Price wars currently are unlikely, Riney said, adding he is in no mood to undercut his own $7-per-trade commission. He expects his 2.5 million customer base to expand at a clip of 5 percent, a long way from the "frothy" 1990s but still decent.
"Older, self-directed investors have tried online investing, so the easy accounts have been opened," Riney said. "But we see a good influx from the younger generation."
These folks will power mobile trading from just 1 percent of his business now, said Riney, who is in his mid-sixties.
"It's just their cup of tea: texting and phone stuff," Riney said. "We're all going to pulled into mobile: The speed has changed and the device capabilities have improved."
Scottrade currently does more trades than E*Trade's 177,000 a day but is "no bigger" than the $190 billion in client assets that E*Trade holds, he said after much wrangling.

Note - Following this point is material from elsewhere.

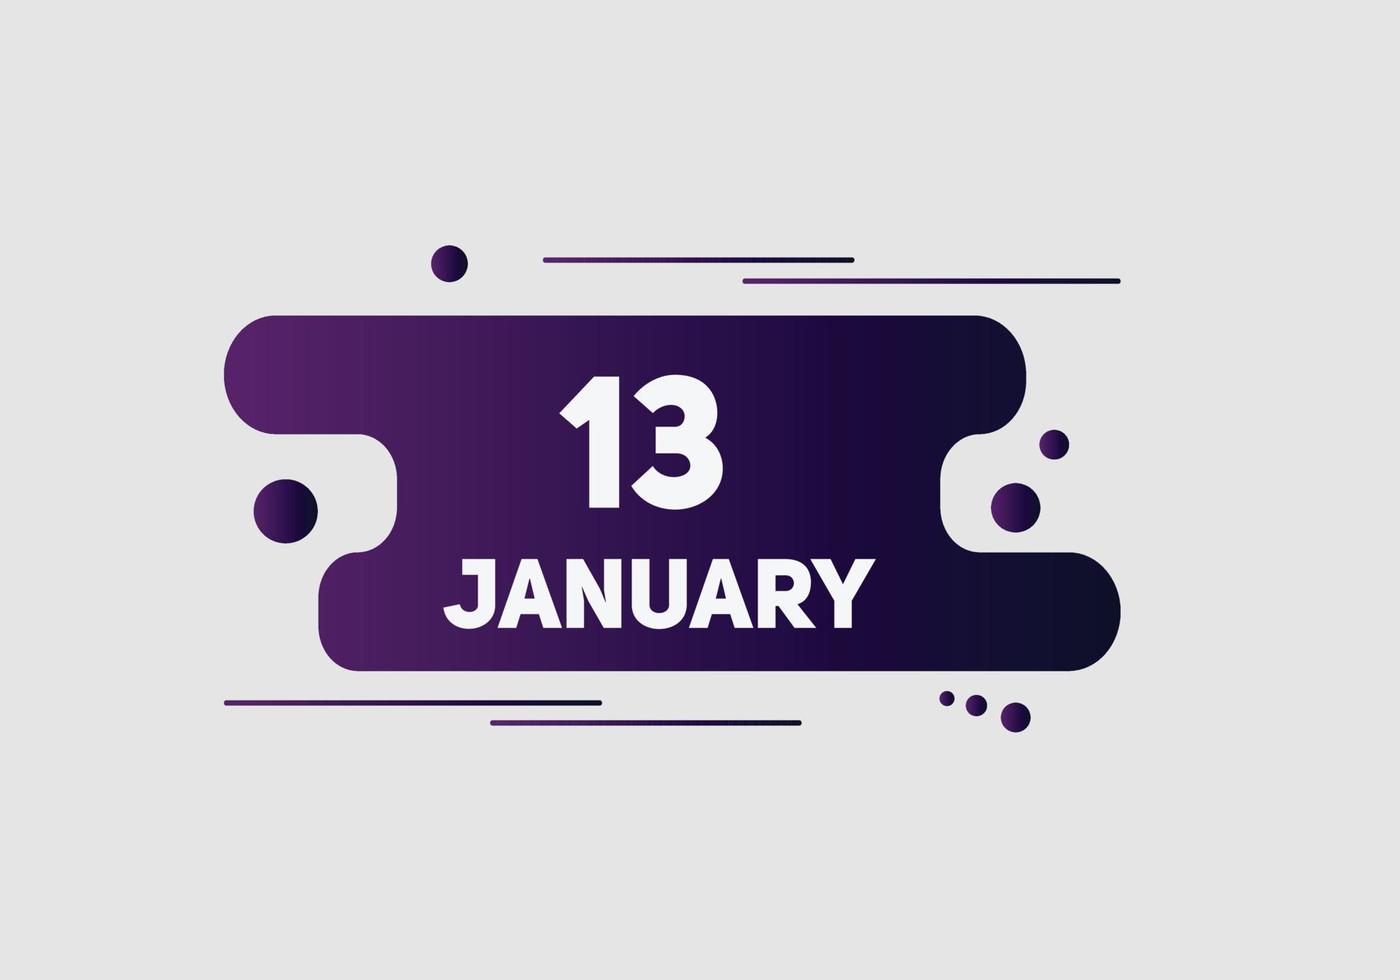 Recordatorio del calendario del 13 de enero. Plantilla de icono de calendario diario del 13 de enero. plantilla de diseño de icono de calendario 13 de enero. ilustración vectorial vector

Riney was apologetic about not sharing hard numbers, saying that's the advantage of being a private company. And that's just how he likes it.
"We have no intention of going public, now or ever, he says, adding he's not had a losing month since the late 1980s and has never laid off any of his 3,500 staff.
PATIENCE WITH PEOPLE, STOCKS
Most online brokers are chasing the adviser business, either directly or by creating units that cater to independent financial advisers for custody, trading and funds. The reasons: Ever-dropping commissions and tightening trading spreads.
"Discount houses are aware that trading commissions are not going to go up," said Benjamin "Tad" Edwards, a scion of the Edwards brokerage family who has set up his own shop.
While trading made up the brunt of the online brokerage business during the dotcom bubble, it's now down to less than one fifth at Schwab and less than half for others.
Riney has set up his own unit for adviser services to compete with Schwab, Fidelity and TD Ameritrade. Those three increased assets under custody by almost a fifth to a combined $1.3 trillion last year as independent advisors led industry growth. (For a graphic, click http://r.reuters.com/gyn89r )
Riney's target is for the advisory services business to make up 30 to 40 percent of the total in five years, from 5 percent now. Part of the strategy is launching low-cost exchange traded funds.
The effort got off to a rough start when his ETFs suffered a mini "flash crash" and briefly traded for pennies. A market maker had punched in the wrong numbers.
"It was embarrassing," Riney said, adding he still does business with the market maker. "It's an honest mistake and you've got to be patient with people"
Patience is key, said Riney, describing himself as a "sit-and-hold" investor "burned" in options and commodities.
"We love active traders," he said. "But for the investor, the longer term you make it, the better your odds of success."
When he trades, Riney, who does not own a laptop and says he under-uses his BlackBerry," goes to Scottrade's web site: "Even I can figure that out."